Thursday, April 28, 2016

In Syria

Both sides in Syria kill children. Both sides are war criminals. Both sides don't deserve to be part of Syria's future.

As usual, Christian repression and censorship in the Middle East never ever gets coverage in the US press

It turns out that the ban on the musical group, Mashru` Layla, was engineered by none other than the Christian authorities because they thought the lyrics are offensive to Jesus.  This won't get a mention in US press because the censors are not Muslim.

Virginia state senator, Dick Black

This right-wing sectarian state senator from Virginia, Dick Black, is a big fan of the Syrian regime. He visits Syria and makes statement supportive of the Syrian regime. But Syrian regime media don't say that he is a state senator. They identify him as US Senator Dick Black.

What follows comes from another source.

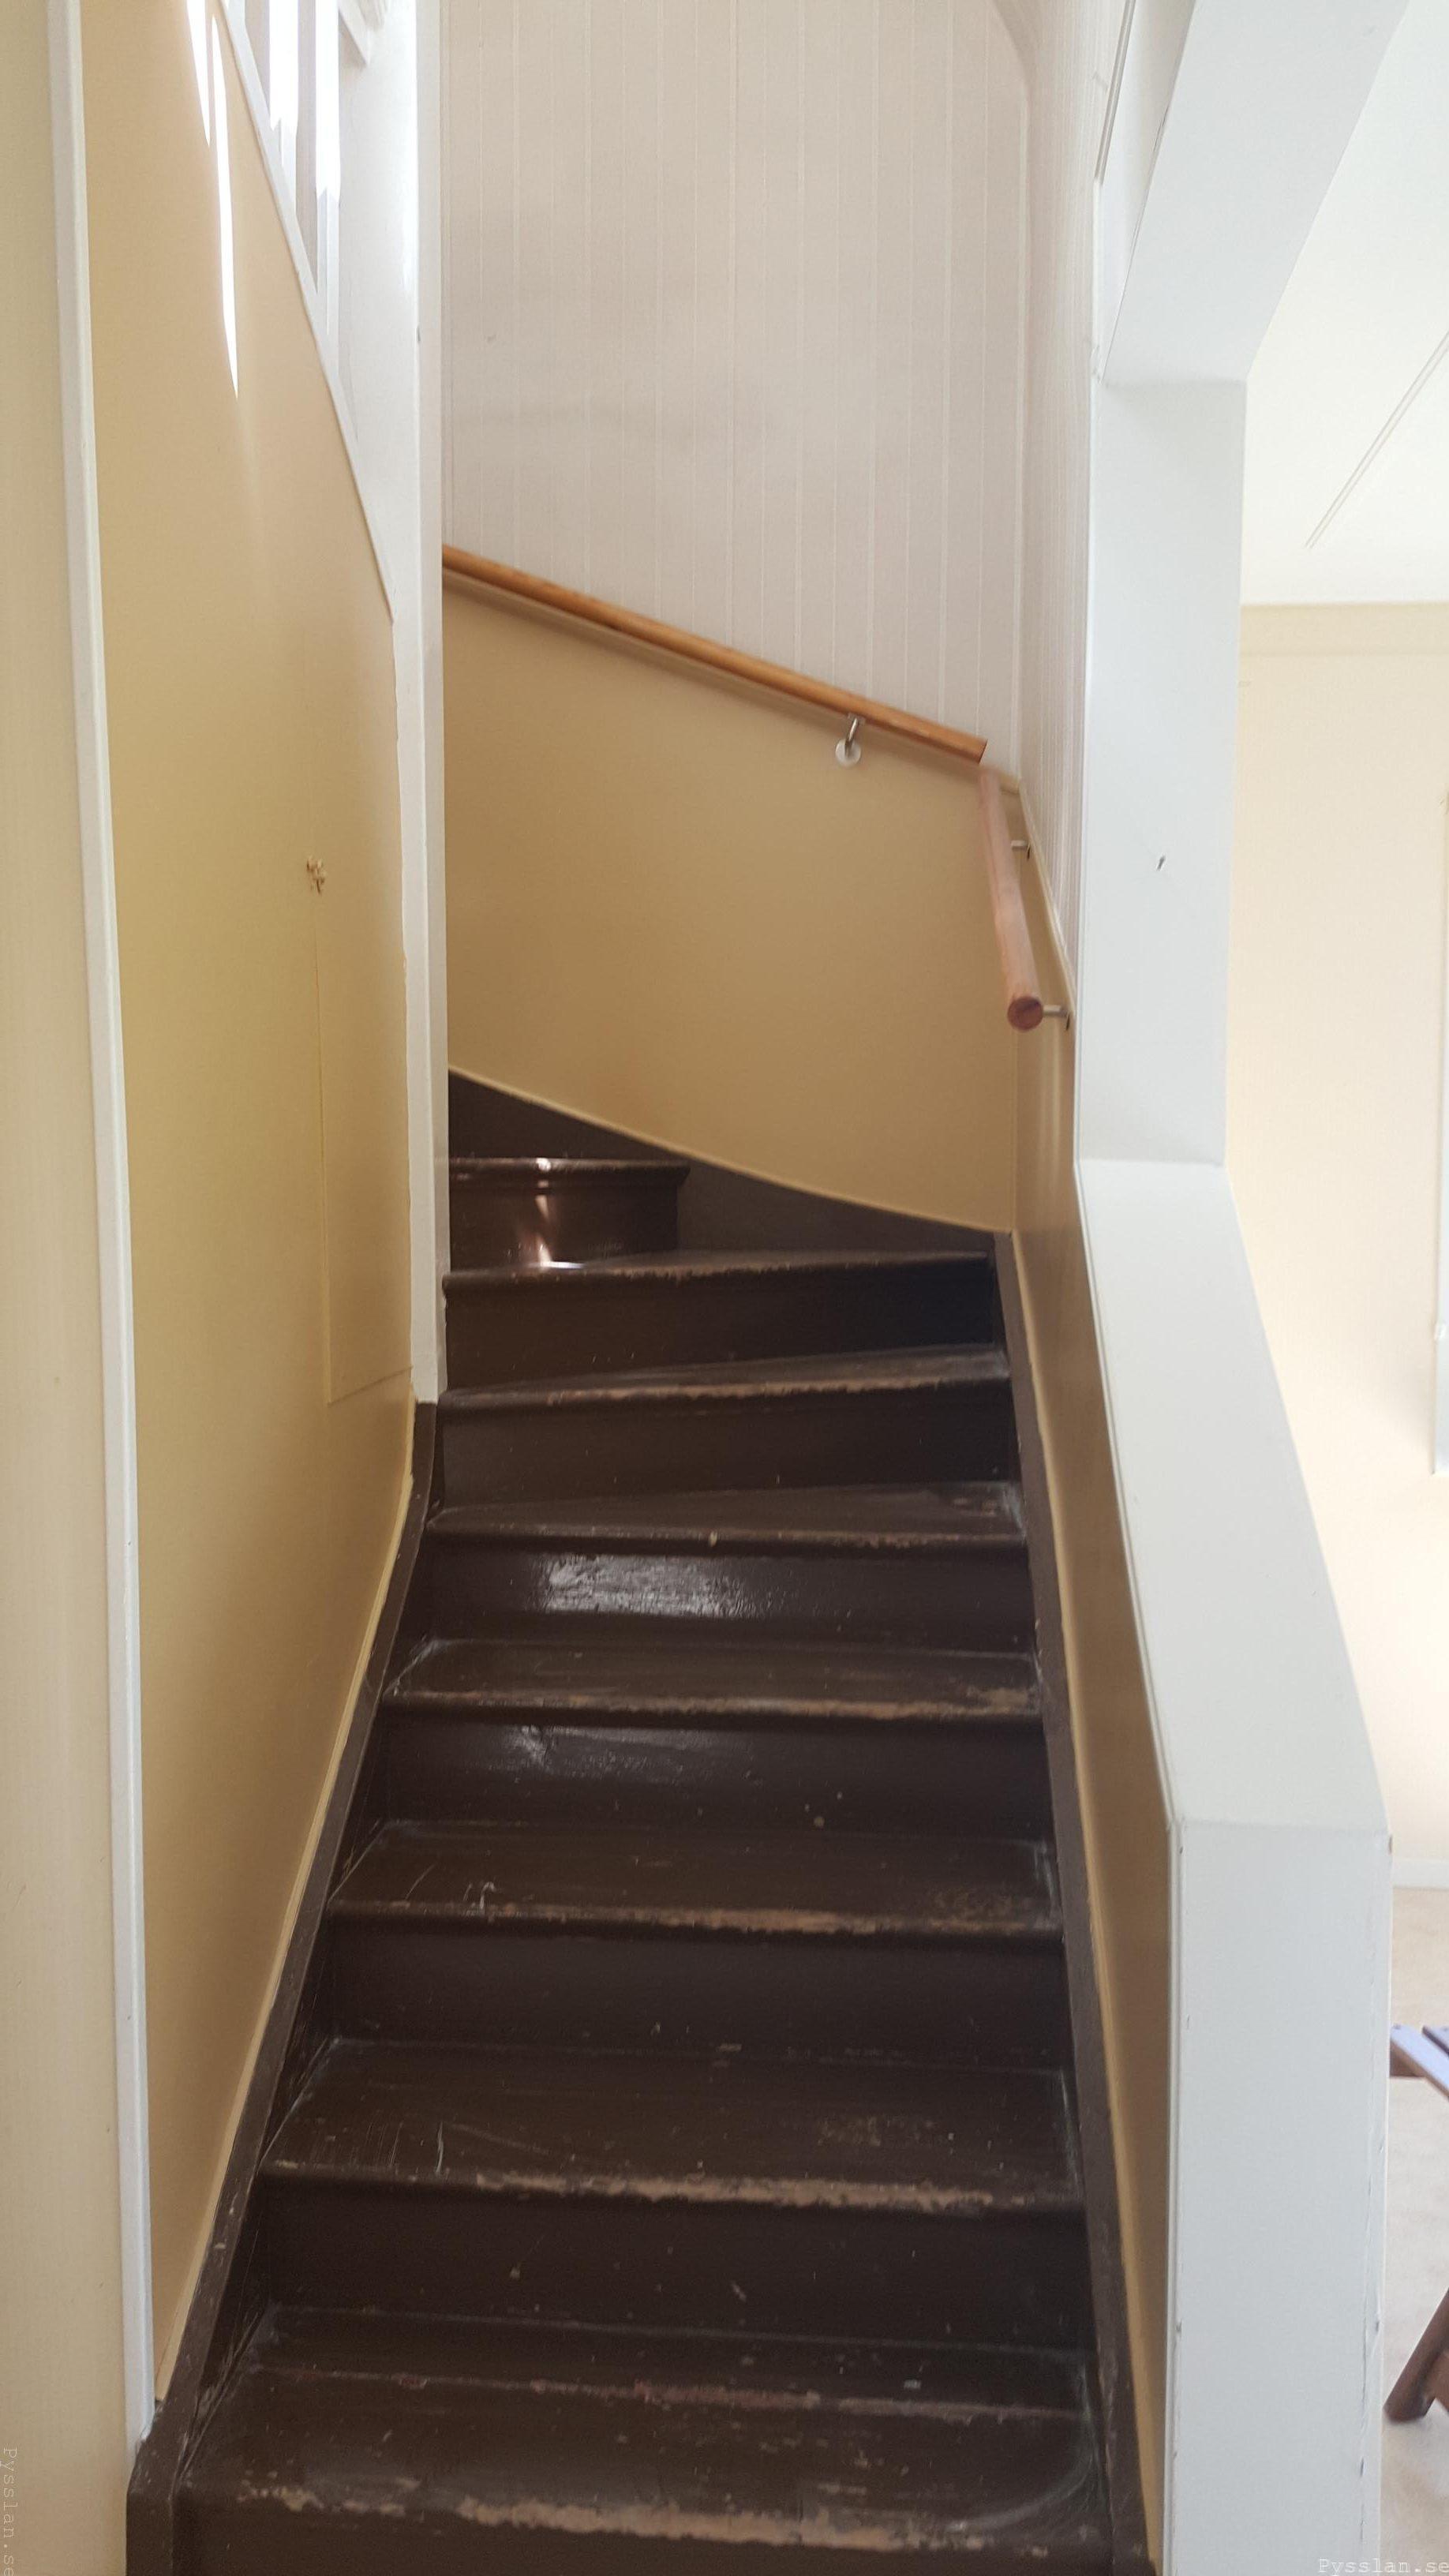 drömhus 20-talshus rött hus vita knutar renovering jugend husdröm pysslan blogg brun trapp
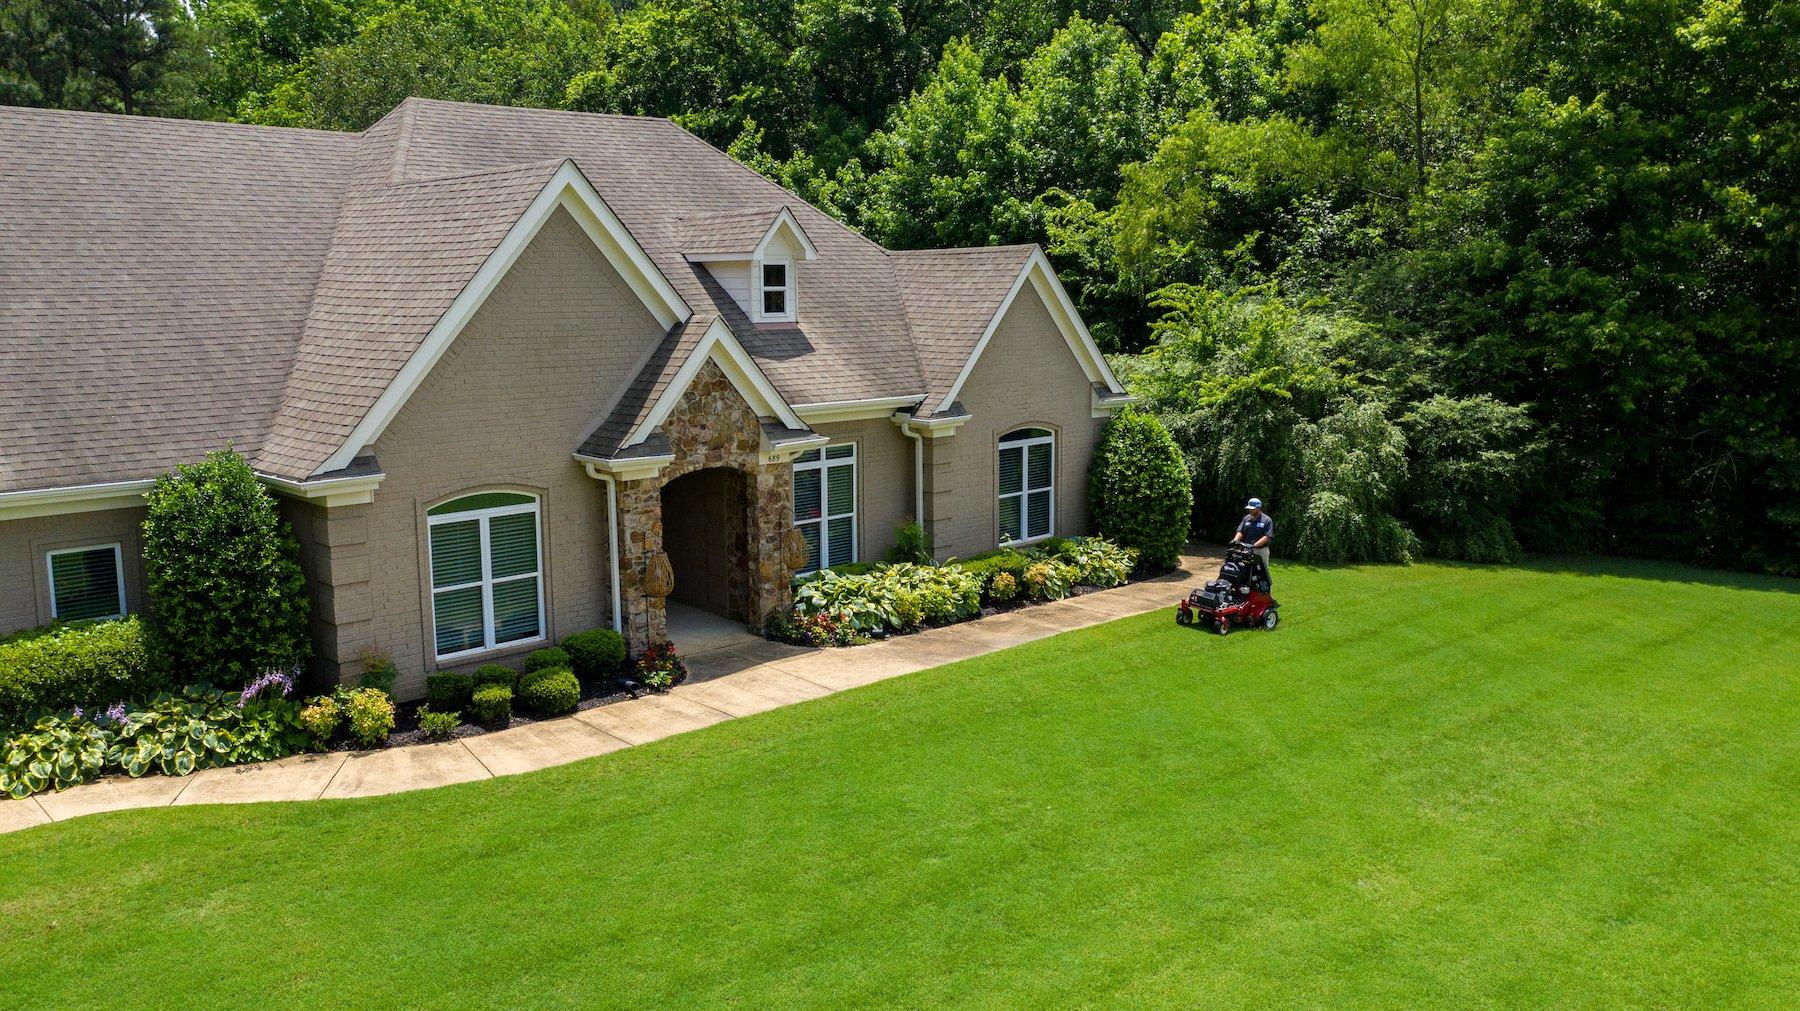 Master Lawn lawn care technician aerating lawn in Memphis, TN

How and why Israel kills Palestinians

For the last several months, both Washington Post and New York Times never report the tally of Palestinian casualties at the hands of Israeli occupiers without adding the same phrase: that those victims were killed either because they stabbed Israelis or because they were on the average of killing Israelis.  Just yesterday, Israeli occupying terrorists killed unarmed Palestinian at a checkpoint, and they did not even claim that they were stabbing or about to stab. How will the papers report those two casualties? How will they categorize them?

Grotesque Syrian regime propagandist

A Syrian regime TV propagandist took a selfie with her phone showing dead Syrian rebel corpses in the background.  No, I won't link to the picture.

Like i have been telling you, Syrian rebels have been bombing the shit out of Aleppo residents but not a word about that

Only when Syrian regime forces kills civilians it is news. Killing of civilians in the territories under the control of the regime does not warrant coverage.  

Wednesday, April 27, 2016

An Israeli occupation soldiers snuck into Lebanon with a Canadian passport and this is what he concluded after a few days in the country

"And they all seemed to loathe Jews."

Those poor Israeli occupation soldiers: they had to occupy a dangerous country

The New York Times is a place where you are made to sympathize with the occupiers and not with the occupied: "Lebanon was a dangerous place to be." Those poor Israeli terrorists. Why didn't the Lebanese people make the country safe for the occupiers, why?

How an intention of a 12 year old Palestinian girl is described in the New York Times

The headline:"Israel Frees Palestinian Girl, 12, Who Tried to Stab Guard"
the story: "While eagerly eating her first ice cream cone in months, Dima said she intended to kill the security guard on Feb. 9". Why not say that this girl also intended to drop a nuclear weapon while you are at it.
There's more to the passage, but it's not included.